The four things that bite you when proxying an LLM

Streaming. vLLM streams tokens as Server-Sent Events. nginx's default proxy_buffering on holds the whole response until the end — streaming appears broken. proxy_buffering off (plus proxy_cache off) fixes it.
Timeouts. A long generation blows past the 60s default proxy_read_timeout and gets chopped mid-stream. Raise it.
Body size. Long prompts exceed the 1 MB client_max_body_size default.
.local resolution. nginx resolves upstream names at startup via the system resolver, and mDNS .local often isn't on that path. Pin the intranet IP in the upstream block (or add a /etc/hosts entry).

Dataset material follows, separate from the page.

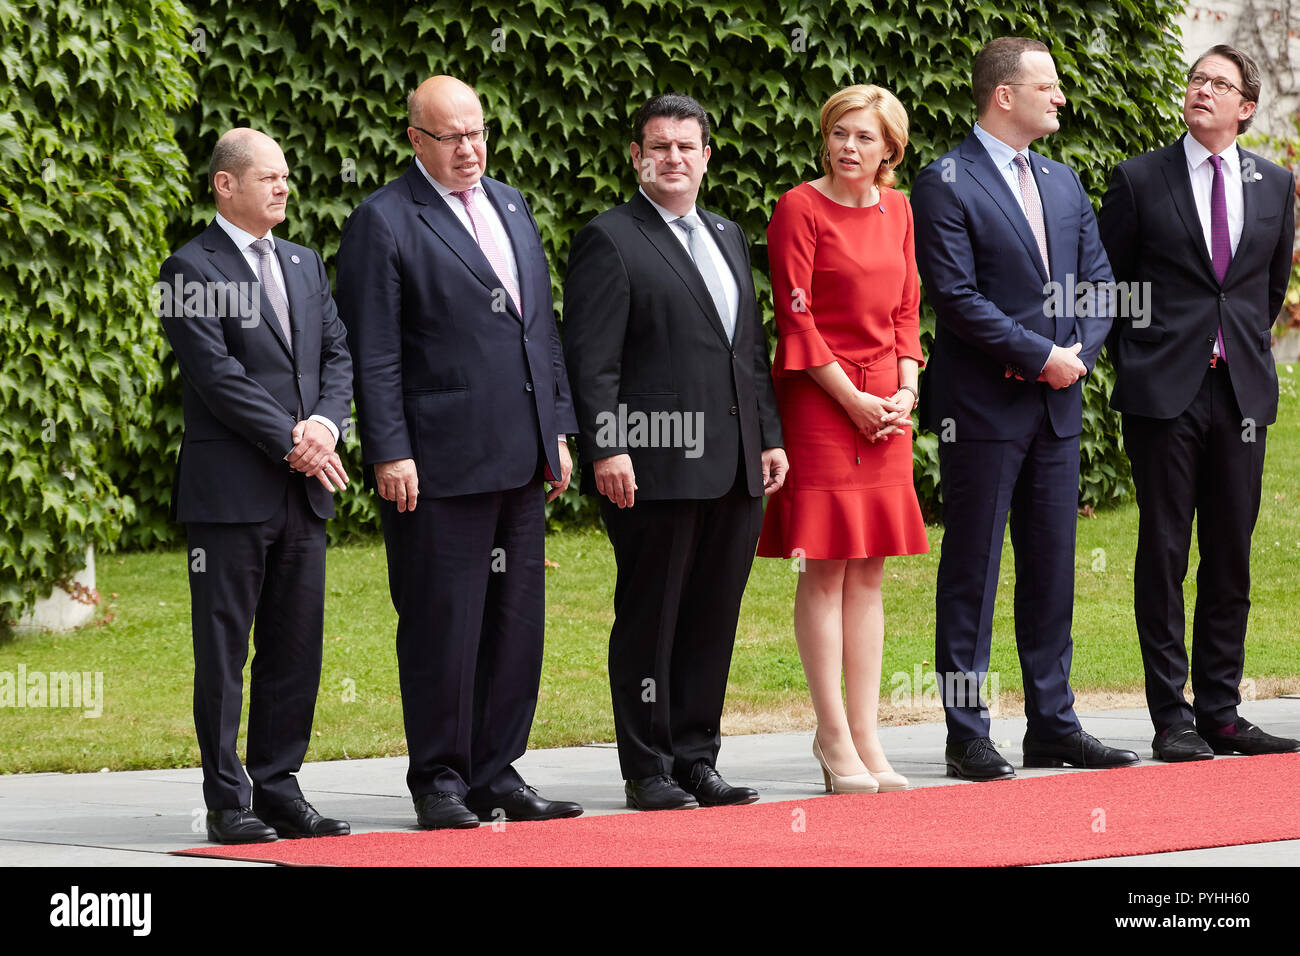 Berlin, Allemagne - Le cabinet fédéral est debout sur le tapis rouge lors de la visite d'état du Premier ministre chinois dans la cour de la Chancellerie fédérale d'honneur. Banque D'Images

One more trap: duplicate upstream

An upstream block lives in the global http{} context, so its name must be unique across every file nginx loads. After certbot ran, I hit:

[emerg] duplicate upstream "vllm_backend" in .../inference.yourdomain.com

The cause was two enabled site files both defining vllm_backend — a stale placeholder config alongside the real one. The fix: define the upstream in exactly one enabled file. Find them all with grep -Rn 'upstream vllm_backend' /etc/nginx/, remove the stale symlink from sites-enabled, and reload. (If you genuinely need several server blocks sharing one backend, move the upstream{} into its own conf.d/*.conf and remove it from the server files.)

After the reload, the public endpoint works end to end:

curl https://inference.yourdomain.com/v1/models -H "Authorization: Bearer $VLLM_API_KEY"

Lessons, distilled

On GB10 / SM121, quantization format trumps capability: FP8 runs on mature kernels; MXFP4 needs a patched stack and still fights you. Choose the model that runs cleanly, not the biggest one.
Unified memory means --gpu-memory-utilization starves the host. Never run the 0.9 default; leave the OS ~20+ GB.
"Loads" ≠ "serves." The first inference is where graph capture, compilation, and GB10 kernel issues actually surface — and graph/compile memory isn't counted in the utilization budget.
Watch available, not free, and monitor/test from a separate machine so a freeze is observable rather than fatal to your session.
Stock NGC container ≠ community patched build. Recipes written for one fail on the other; match flags to the build you're actually running.
For exposure, terminate TLS at a multihomed nginx box, keep vLLM intranet-only, go HTTP-first then certbot, and remember the LLM-proxy specifics: streaming buffering off, long timeouts, larger body size, pinned upstream IP, unique upstream name.

The payoff: a TLS-secured, token-authenticated, OpenAI-compatible endpoint backed by a fast local MoE model — running entirely on hardware that fits on a desk.